NCAA Tournament, Round of 64
- Conference: Western Athletic Conference

Ranking
- Coaches: No. 25
- AP: No. 19
- Record: 30–4 (15–1 WAC)
- Head coach: Stew Morrill;
- Assistant coaches: Tim Duryea; Chris Jones; Travis Felton;
- Home arena: Smith Spectrum

= 2010–11 Utah State Aggies men's basketball team =

American college basketball season

The 2010–11 Utah State Aggies men's basketball team represented Utah State University during the 2010–11 NCAA Division I men's basketball season.

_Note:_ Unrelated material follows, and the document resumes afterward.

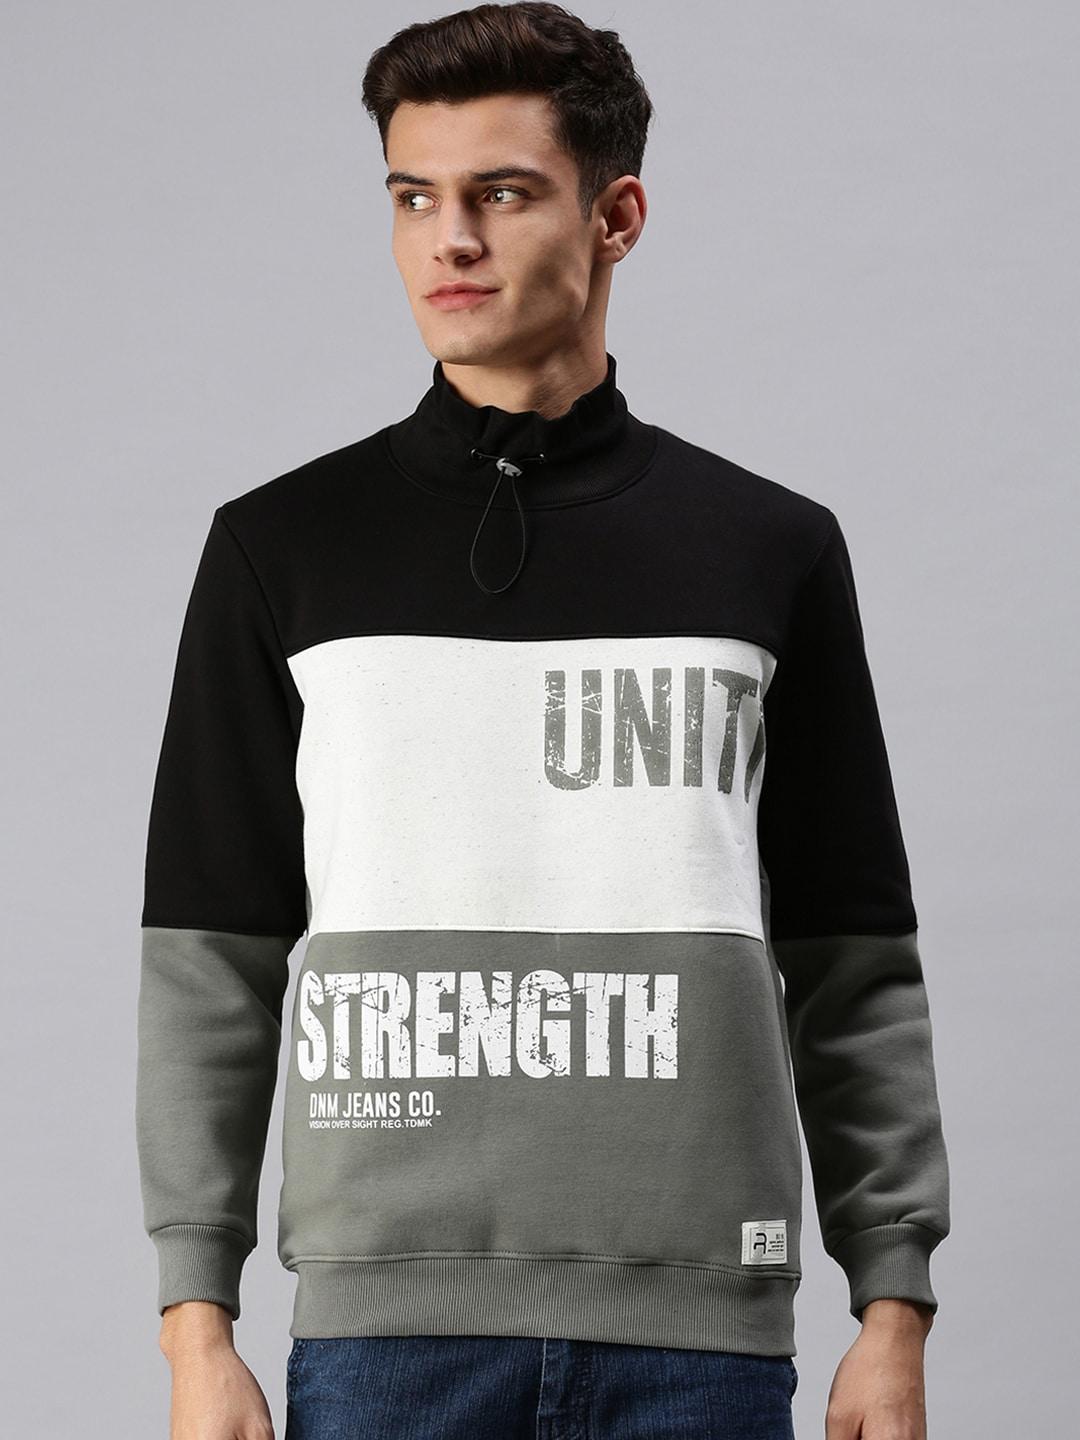 showoff-men-grey-printed-sweatshirt

The Aggies, led by thirteenth year head coach Stew Morrill, played their home games at the Dee Glen Smith Spectrum and are members of the Western Athletic Conference. They finished the season 30–4, 15–1 in WAC play to win their 4th consecutive regular season conference title. They also won the 2011 WAC men's basketball tournament to earn an automatic bid in the 2011 NCAA Division I men's basketball tournament.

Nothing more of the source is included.